In my experience, most people have the best of intentions at work. They see problems at work and want to solve them. They create strategies, work plans and activities to try to fix the problem within their specific context. While they get an A for effort, the reality is they may do more harm than good. Why?
- Organizations are systems. The problem is that most issues are connected to other parts of the mothership. When a process breaks down in one area, trying to fix that area on its own could be a short term solve, but it could break or slow things down in other areas. A classic example is optimization of a single task – say call centre. We want to decrease the time on call at help desk. We may try to fix that by passing them off to another group or by speeding up the solve on the phone. But if we try to fix the system, we create resources so the call doesn’t happen in the first place.

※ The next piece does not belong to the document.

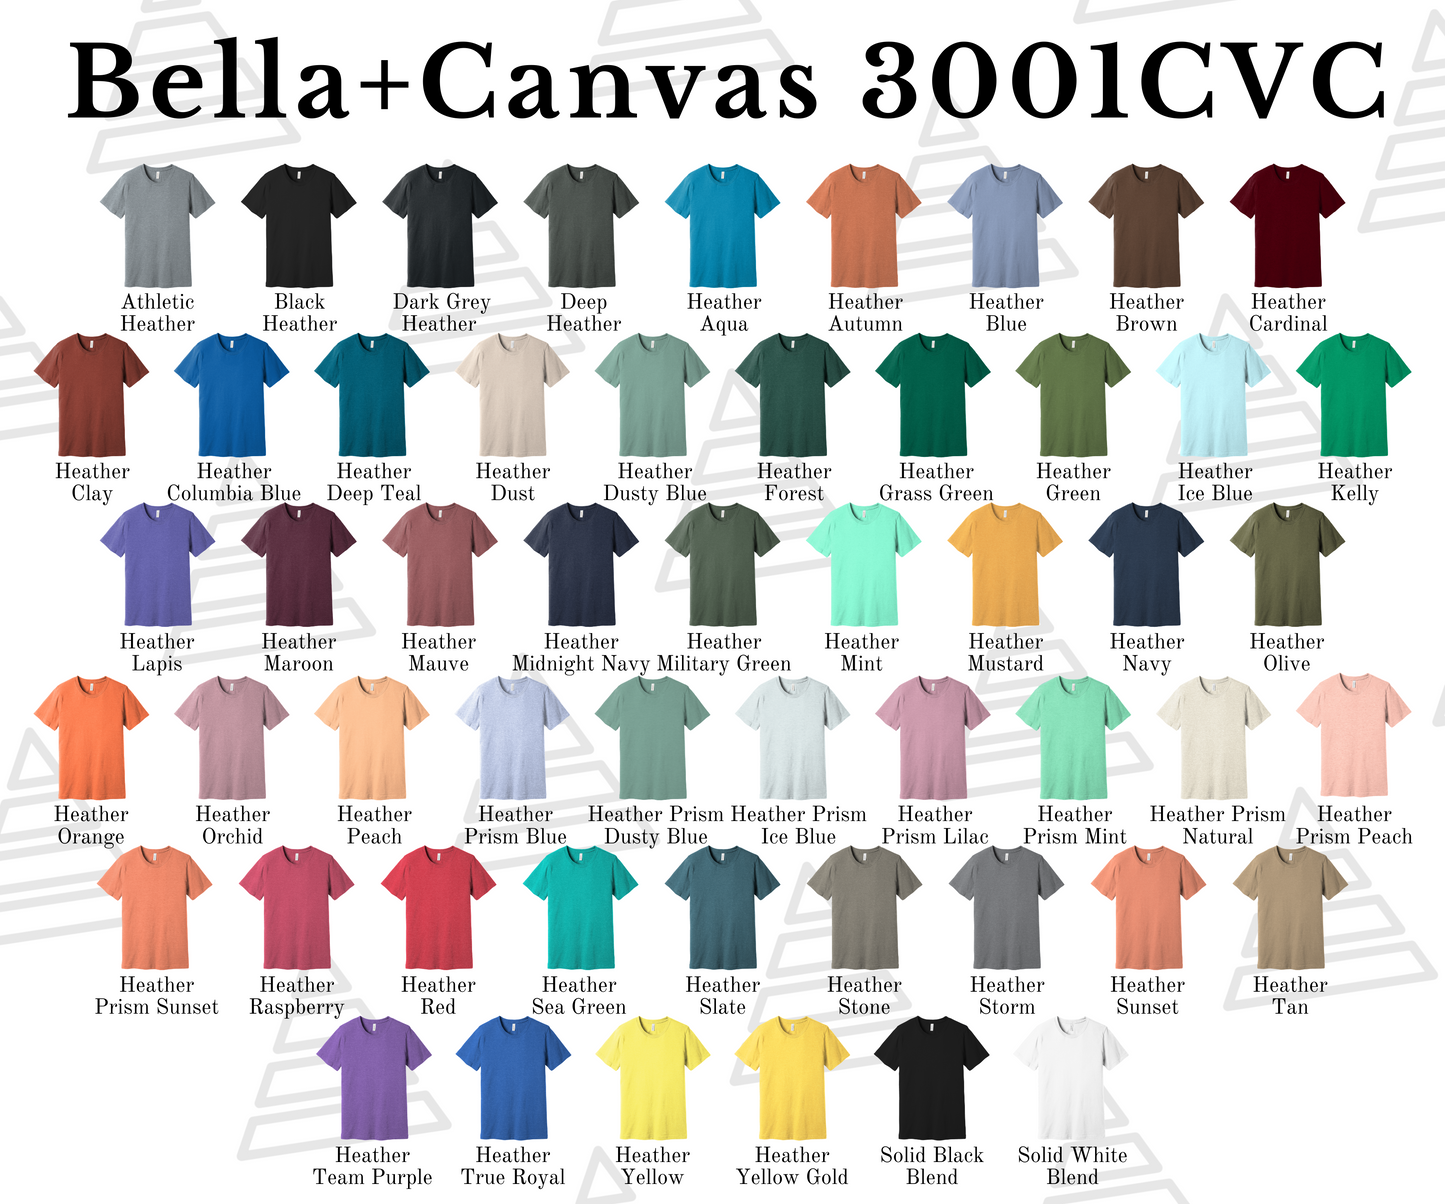 Bella Canvas 3001CVC / Blank or Custom

- People want to feel like they’re making a difference. They hear of an issue and set about trying to fix it without communicating or asking if other people are working on it. They forge ahead but often don’t know what they don’t know. This leads to …
- Many programs, one goal. The number of projects and programs spun up to tackle and organizational priority can be astounding. It’s so rampant in large companies there are often additional projects to gather the activities so they are aligned. If I had to guess, any one organization has a multitude of innovation, onboarding, data projects, new customer etc. underway trying to solve the same or similar problems.
The result is wasted effort and, more importantly, time that could have been spent driving a new product forward, or on other valuable company projects. So how do we get beyond the spin? Organizations need to:
- Declare – at the top of the house the strategy, workstreams and how is leading
- Define – the activities for each workstream and who is leading
- Drive – move with speed so people see results and don’t spin up more work
Purpose. Clarity. Speed. Seems easy, but we all know it’s not. With a leadership team open to exploring, talent that is keen, smart, creative and passionate and a dose of structure, you’re that much closer to solving the things that are important for your organization.